Tiles - Fence The Clear

geoviangeovian Earth Orbit
edited November 2022 in Year-1997


ALBUM: Fence The Clear
LABEL: Inside Out
YEAR: 1997
CD REISSUE: 2004, Inside Out Music, IOMCD 157


LINEUP: Paul Rarick - lead and backing vocals * Chris Herin - guitars, mandolin, keyboards * Jeff Whittle - bass * Mark Evans - drums, percussion * Kevin Chown - guest bass

TRACK LISTING: 01 Patterns * 02 Beneath The Surface * 03 Cactus Valley * 04 Another's Hand * 05 The Wading Pool * 06 Gameshow * 07 Fallen Pieces * 08 Changing The Guard * 09 Gabby's Happy Song * 10 Checkerboards



Detroit band Tiles have been on the go since 1993, and we've had an opportunity to look at two of their albums so far.

As a prelude to writing up their latest 2016 CD 'Pretending To Run', I thought it might be a good idea to look at their second album from 1997: 'Fence The Clear'.

Now I don't want to sound like a broken record, because I have said it on the two occasions previously, but Tiles are heavily into Rush.

Musically that is, perhaps a drop of Queensryche in terms of lyrical intelligentsia, and Dream Theater vocally. All good reference points for sure, and a band that made 1997 kinda tolerable, as did many prog bands during this barren timefame.

The Songs

The Rush similarity is ever so immediate on the opening 'Patterns', with tight drum parts and Alex Lifeson styled guitar phrases.

'Beneath The Surface' demonstrates the ability of Tiles across a couple of styles. High vocals, thick guitar chords and driving percussion.

'Another Hand's is a musicians song for musicians. Very complex and technical, which is what this band is all about. 'Gameshow' is another free-form bit of genius.

There are two simplistic instrumentals, both are brief. 'Falling Pieces' is a Poly-synth piece, while 'Gabby's Happy Song' is an acoustic number.

The albums epic moment is the 14 minute 'Checkerboards'. Like most tracks this long, it has to be broken down into segments, and there at least three to be found.

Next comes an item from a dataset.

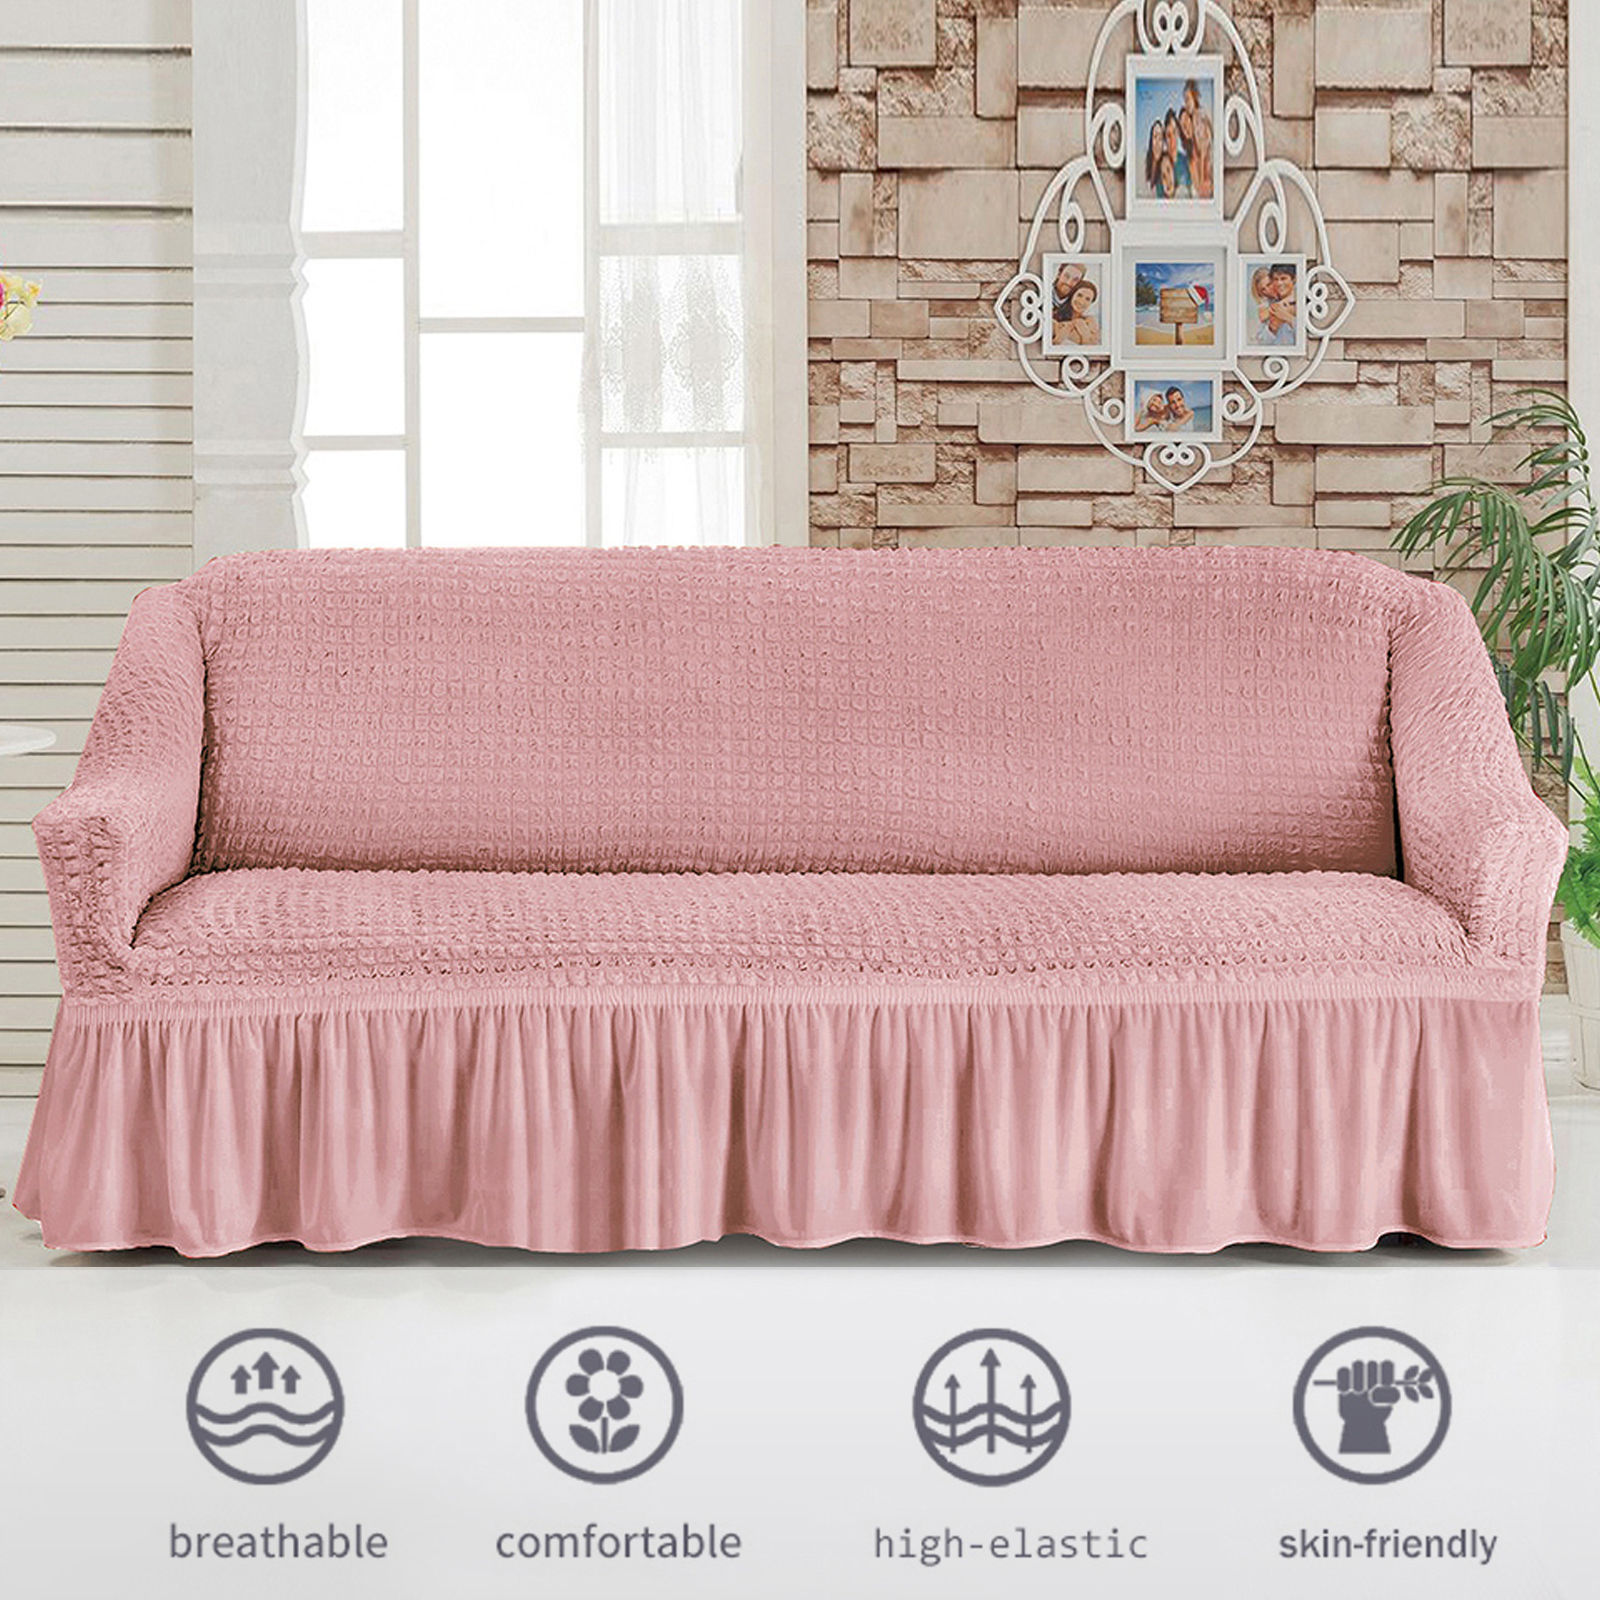 Stretch Sofa Slipcover, 3 Seater Sofa Slipcovers With Skirt With Armless Soft Sofa Cover Elastic Straps Sofa Slipcover For Living Room Kids Pets-Pink-Medium

The first change-up is at the 7 minute mark, the second at the 10 minute mark.

In Summary

Much like Rush and Saga, the album covers from Tiles are really inventive and clever, FTC being no exception.

'Fence The Clear' received a 2004 Inside Out/SPV reissue with an additional four tracks, which made for great listening. Now, how about I get around to writing up 'Pretending To Run'?